You're looking at Less Wrong's discussion board. This includes all posts, including those that haven't been promoted to the front page yet. For more information, see About Less Wrong.

passive_fist comments on Open thread, Dec. 29, 2014 - Jan 04, 2015 - Less Wrong Discussion

4 Post author: MrMind 29 December 2014 11:10AM

You are viewing a comment permalink. View the original post to see all comments and the full post content.

Comments (164)

You are viewing a single comment's thread. Show more comments above.

Comment author: passive_fist 30 December 2014 01:19:41AM 4 points [-]

Adding to Vulture's reply (that you can not make absolute positive statements about truth), the modern view of "Occam's razor" (at least in Bayesian thought) is the minimum description length (MDL) principle (http://en.wikipedia.org/wiki/Minimum_description_length), which can be rigorously formalized. In this formalism, it becomes a prior over models. Multiplied with the likelihood over models (derived from data), this gives you a posterior. In this posterior, if you have two models that make exactly the same predictions, the simpler one is preferred (note that the more complicated one isn't completely rejected; it's just given lower posterior probability).
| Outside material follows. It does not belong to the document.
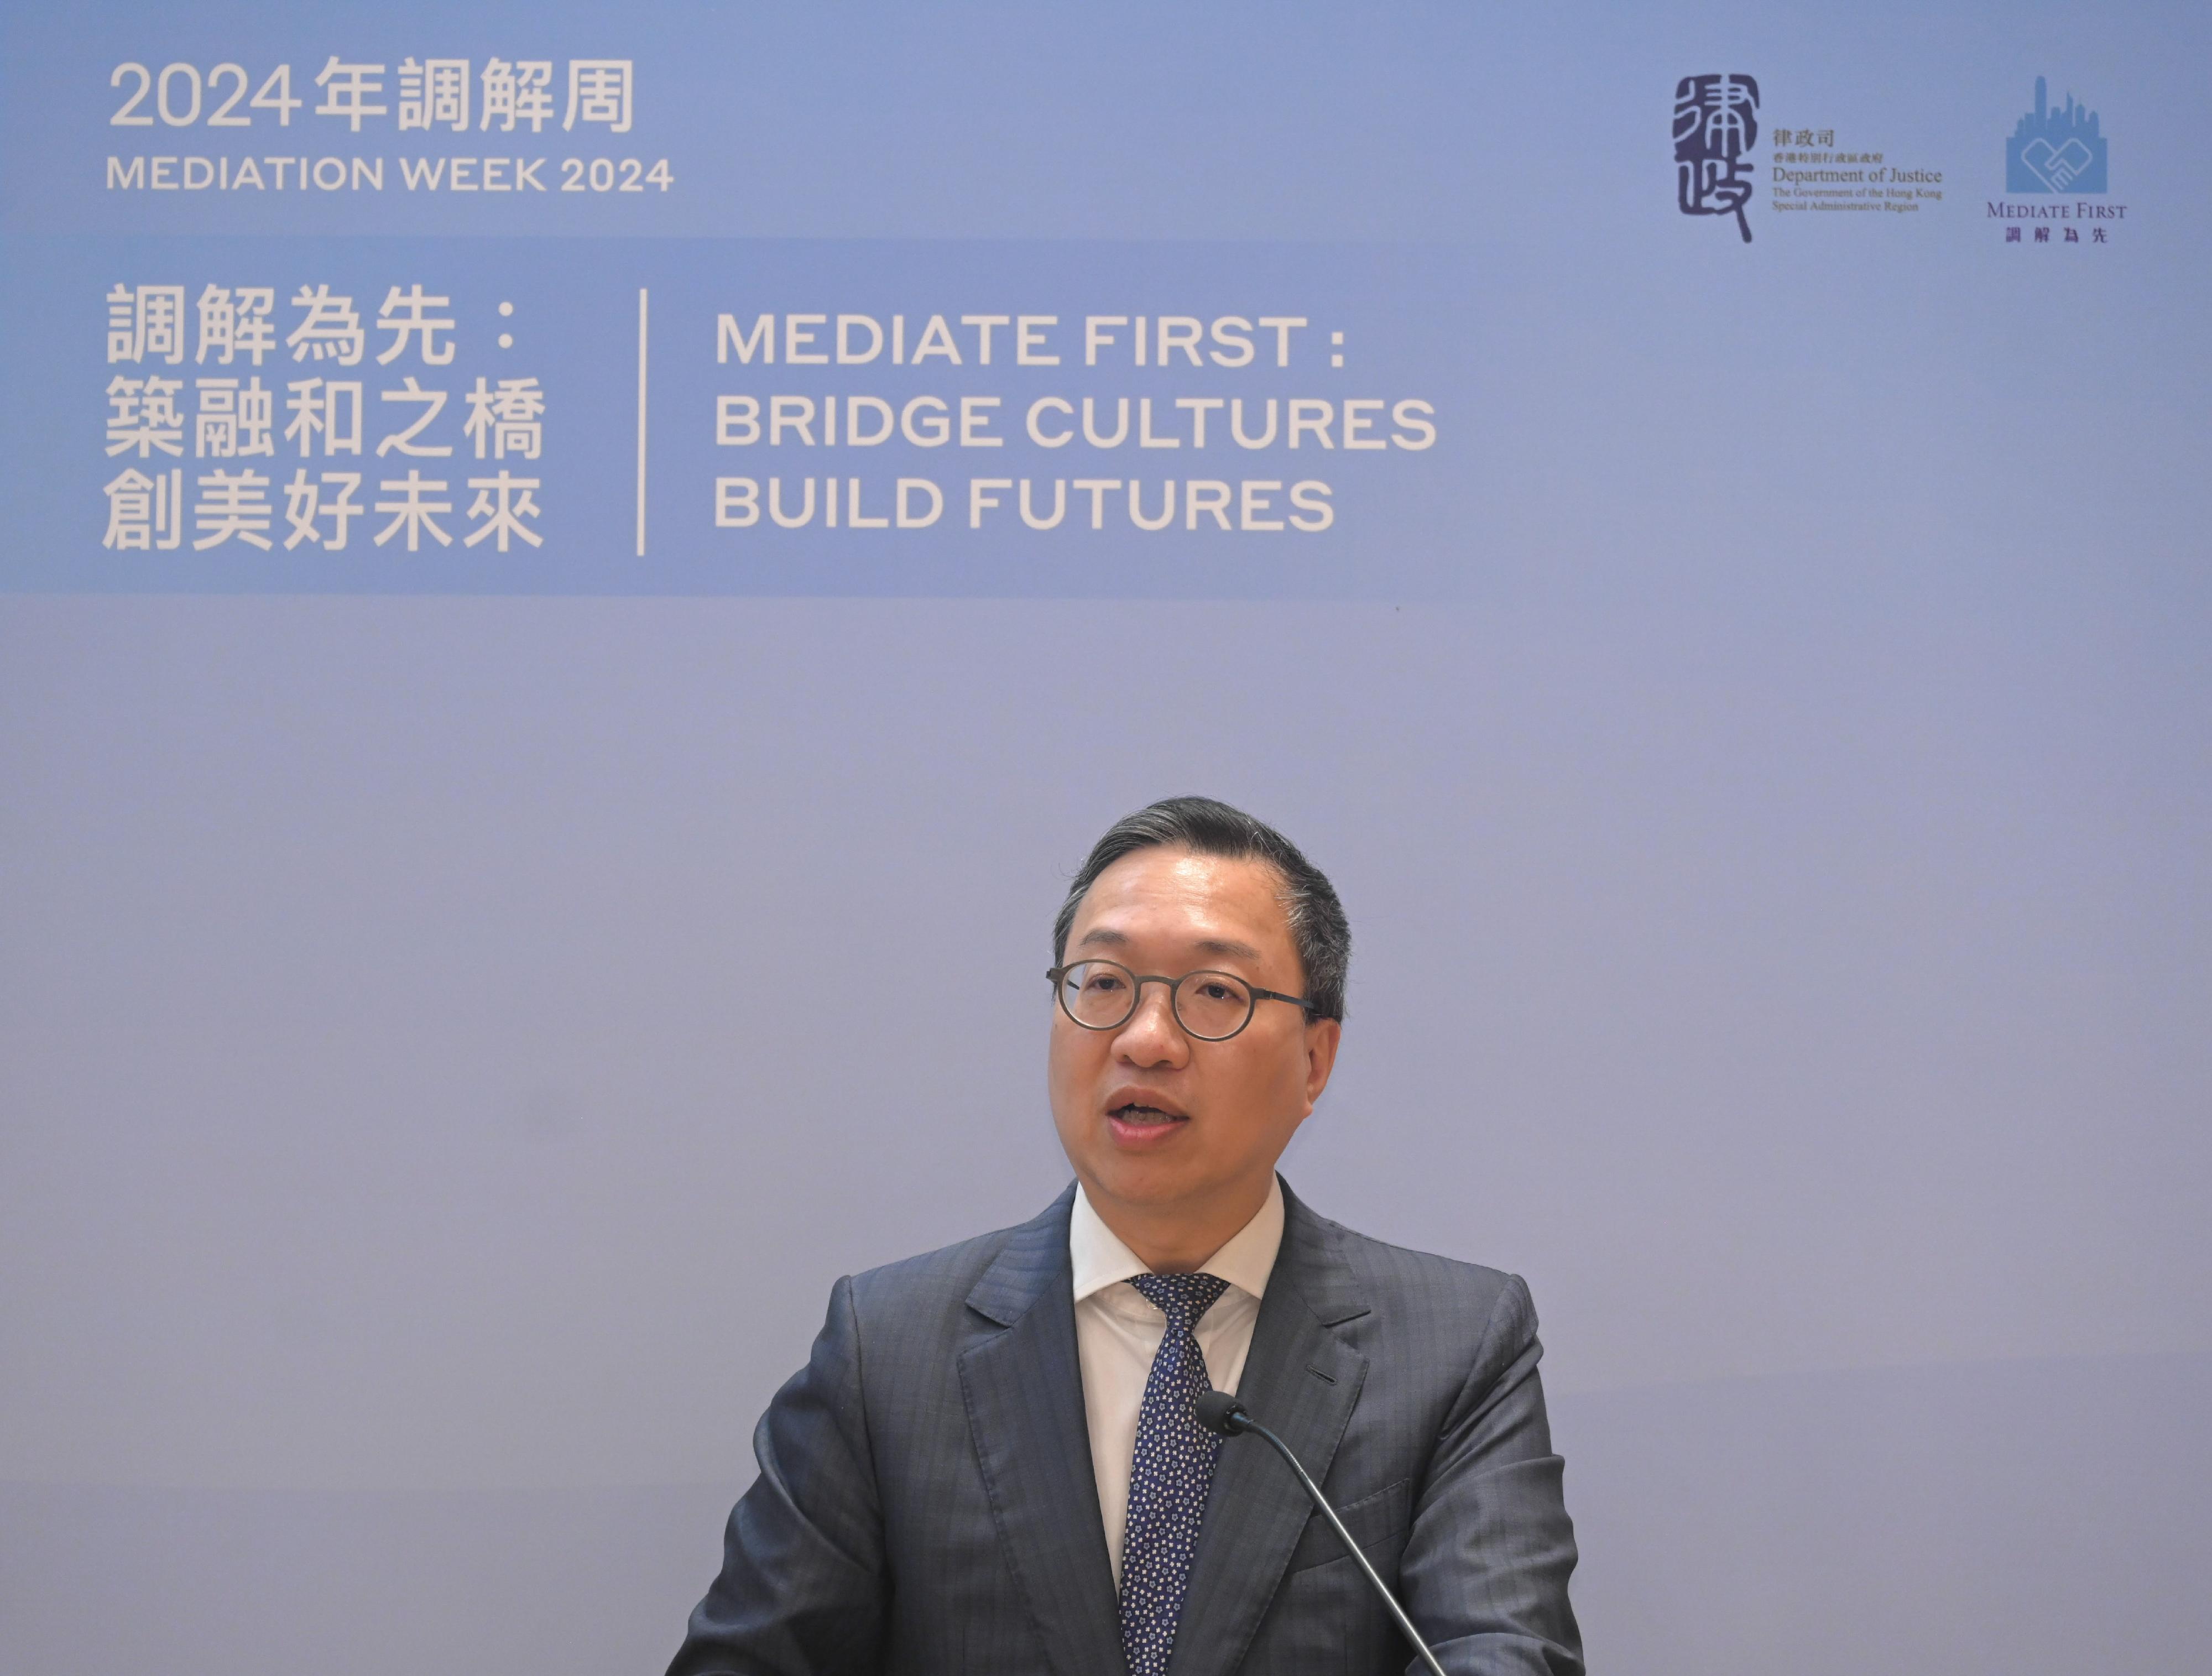 The Mediation Week 2024, a biennial event organised by the Department of Justice, was officially launched today (May 6). The Mediation Week opening was marked by the thematic event: School Mediation Seminar this morning. Photo shows the Secretary for Justice, Mr Paul Lam, SC, delivering his closing remarks.

There are very deep fundamental theoretical considerations for why MDL is a very good way of assigning a prior to beliefs. If someone wants to reject Occam's razor, they would have to give an alternative system and show that under the assumptions of MDL it gives better long-term utility. Or that the assumptions of MDL are unfounded.

Comment author: gedymin 31 December 2014 10:22:08AM 0 points [-]

Perhaps you can comment this opinion that "simpler models are always more likely" is false: http://www2.denizyuret.com/ref/domingos/www.cs.washington.edu/homes/pedrod/papers/dmkd99.pdf

Comment author: passive_fist 31 December 2014 09:56:13PM 0 points [-]

That paper doesn't seem to be arguing against Occam's razor. Rather it seems to be making the more specific point that model complexity on training data doesn't necessarily mean worse generalization error. I didn't read through the whole article so I can't say if the arguments make sense, but it seems that if you follow the procedure of updating your posteriors as new data arrives, the point is moot. Besides, the complexity prior framework doesn't make that claim at all.